Getting Equivalent Domains (global + custom) via Python

I read and parse the following URL for the global equivalent domains:

https://raw.githubusercontent.com/bitwarden/server/main/src/Core/Utilities/StaticStore.cs

But haven’t found a way to get the custom equivalent domains via Python.

  1. Is there something more correct for the global list?
  2. How can I get the custom list?

What makes you think that the StaticStore.cs file is not “correct”?

The custom domain rules should be somewhere in the local vault cache for a logged-in client app.

Why do you need this?

@grb thanks for the reply!

I thought that maybe there was a cleaner way to get some data structure for the global equivalent domains, rather than parsing the code. But parsing works :slight_smile:

I ran the Inactive two-step login report, and some entries were missing from it. I inspected the code that generates it and found some explanations. For example (I’ve used commas instead of dots to bypass new user limitations):

  • www,yahoo,com was missing because the entry in 2fa.directory is for mail,yahoo,com (and not yahoo,com)
  • nextdns,io was missing because its entry in 2fa.directory has no “documentation" key, and the code skips such entries

So I’ve decided to write a Python script that uses the CLI and generates a report that will perhaps have some false alarms but (hopefully) no misdetections.

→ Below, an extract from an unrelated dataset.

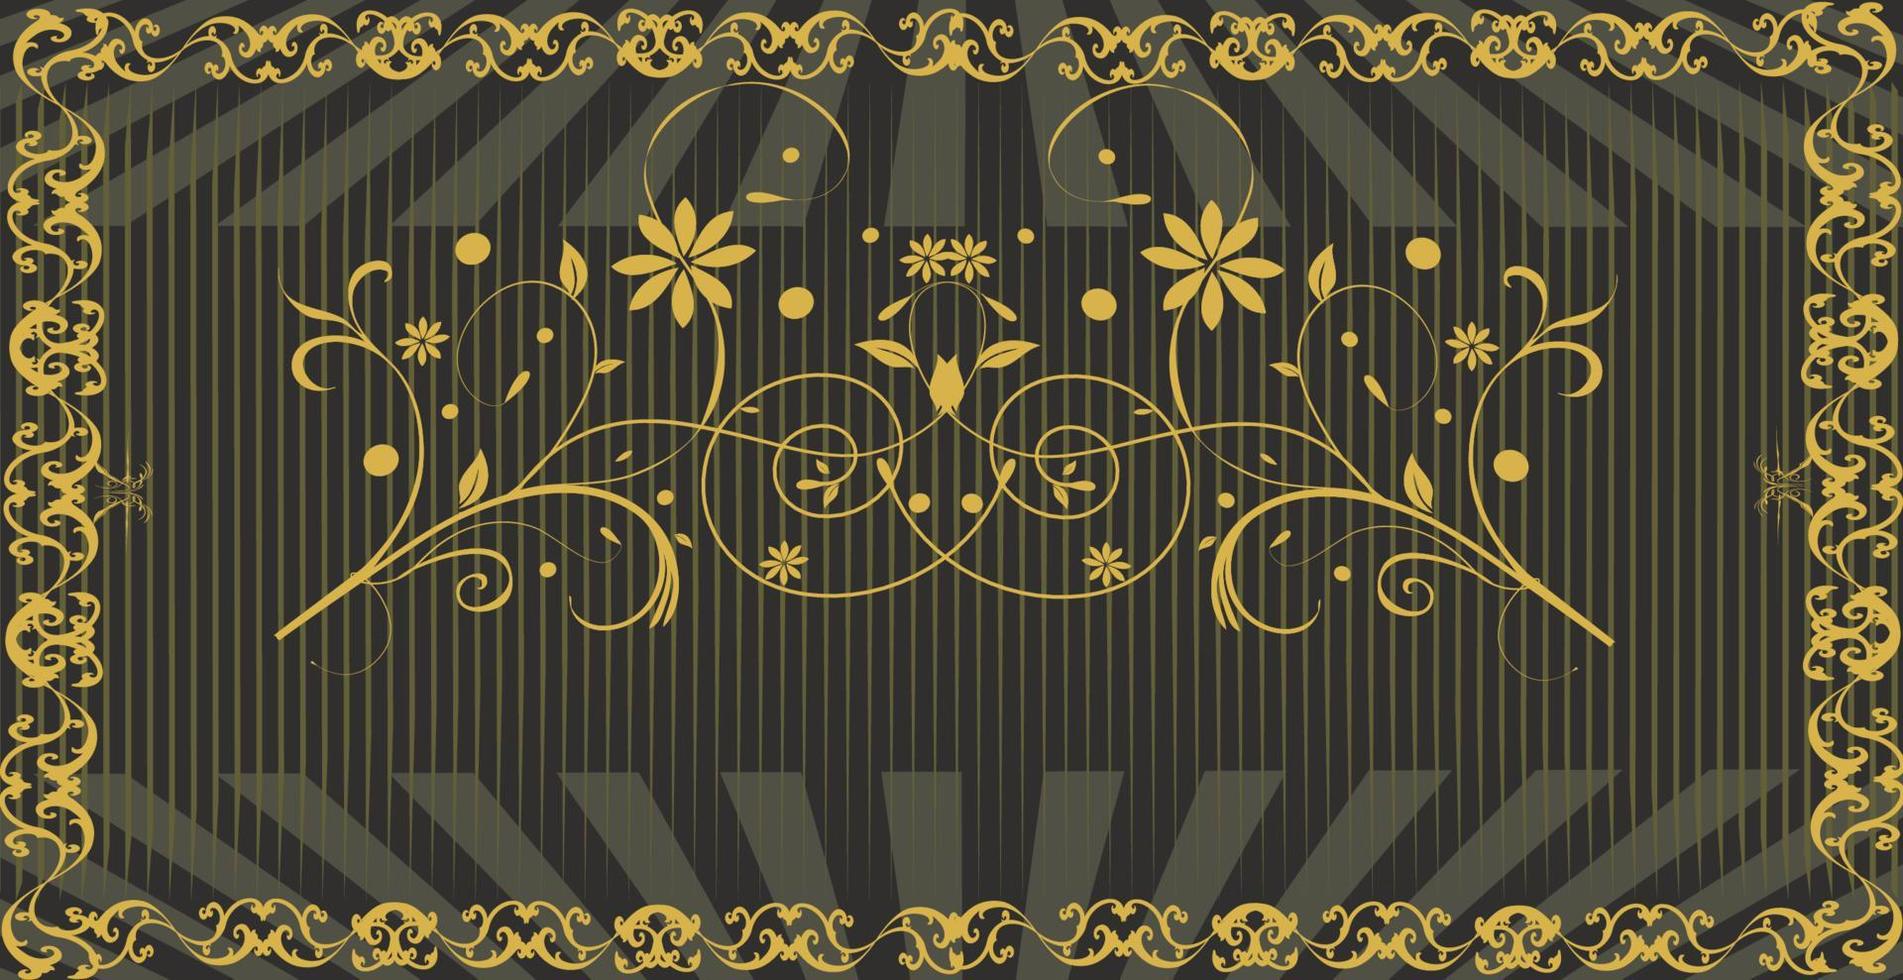 tabuleta vintage com design floral abstrato retrô elegante ornamentado vetor

  • I looked at the json.data files of the desktop app and the CLI - the list of custom equivalent domains there is empty. I guess it shows an empty list because the CLI doesn’t really need it?
  • I only see something inside a log file in Chrome’s extension’s data folder, but it’s not in any standard format.
  • Is there a “standard” way to fetch the custom equivalent domains, or have I found all that there is?

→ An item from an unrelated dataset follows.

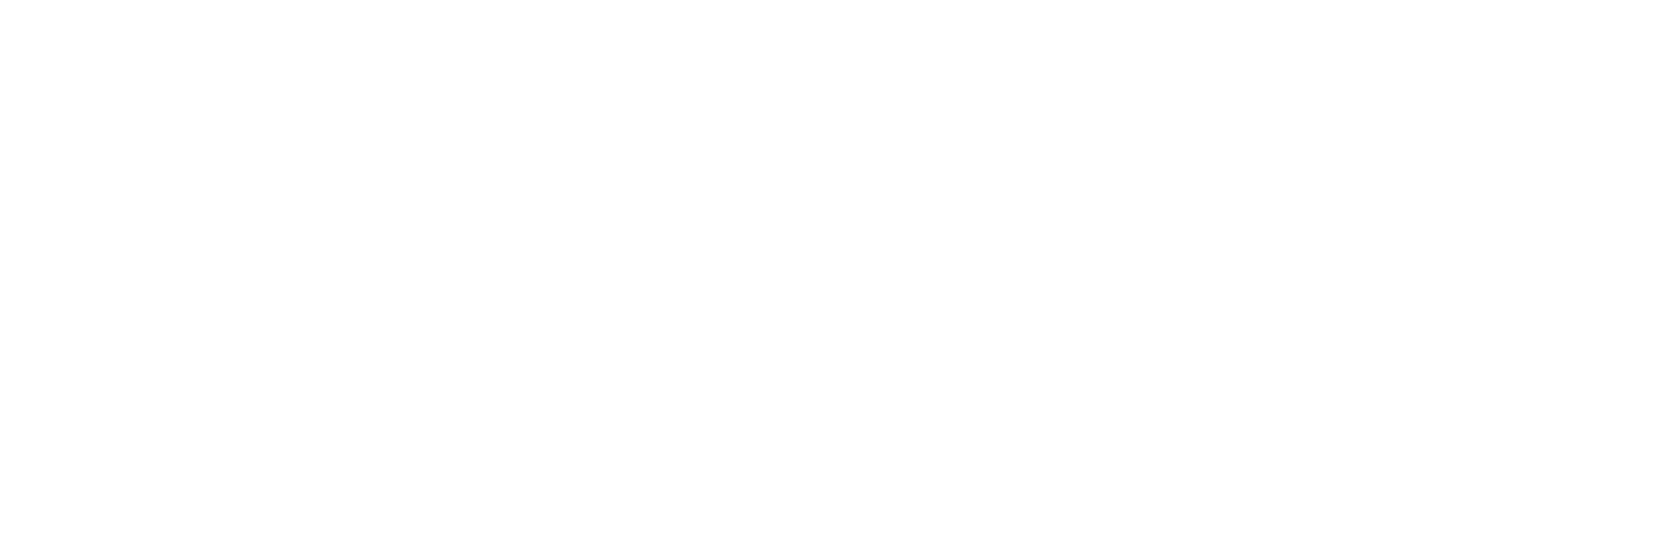 UC Investment Proposal Portal Logo

Again, thanks a lot for taking the time to help!

What specifically did you find? I looked in my own extension folder, and unfortunately could not find any custom equivalent domains. If you share what you found, perhaps I can make more sense out of it.

Hi @grb,

I’ve created a snapshot describing the chrome extension log file, but I have to say I’m not sure if its intended to be used or if it’s guaranteed to always contain this list (you said you didn’t see it, for example).

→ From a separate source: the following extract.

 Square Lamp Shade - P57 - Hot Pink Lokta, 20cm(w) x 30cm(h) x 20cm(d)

I ended up using Copilot with the clients’ repository to reverse-engineer the clients approach and discovered that when you login with the CLI there’s an access token stored in ~\AppData\Roaming\Bitwarden CLI\data.json under the key user_{userId}_token_accessToken. This can be used with the API to call the /sync endpoint (not documented in the API spec – found it in the clients’ code) and retrieve the full list of global and custom equivalent domains from the response.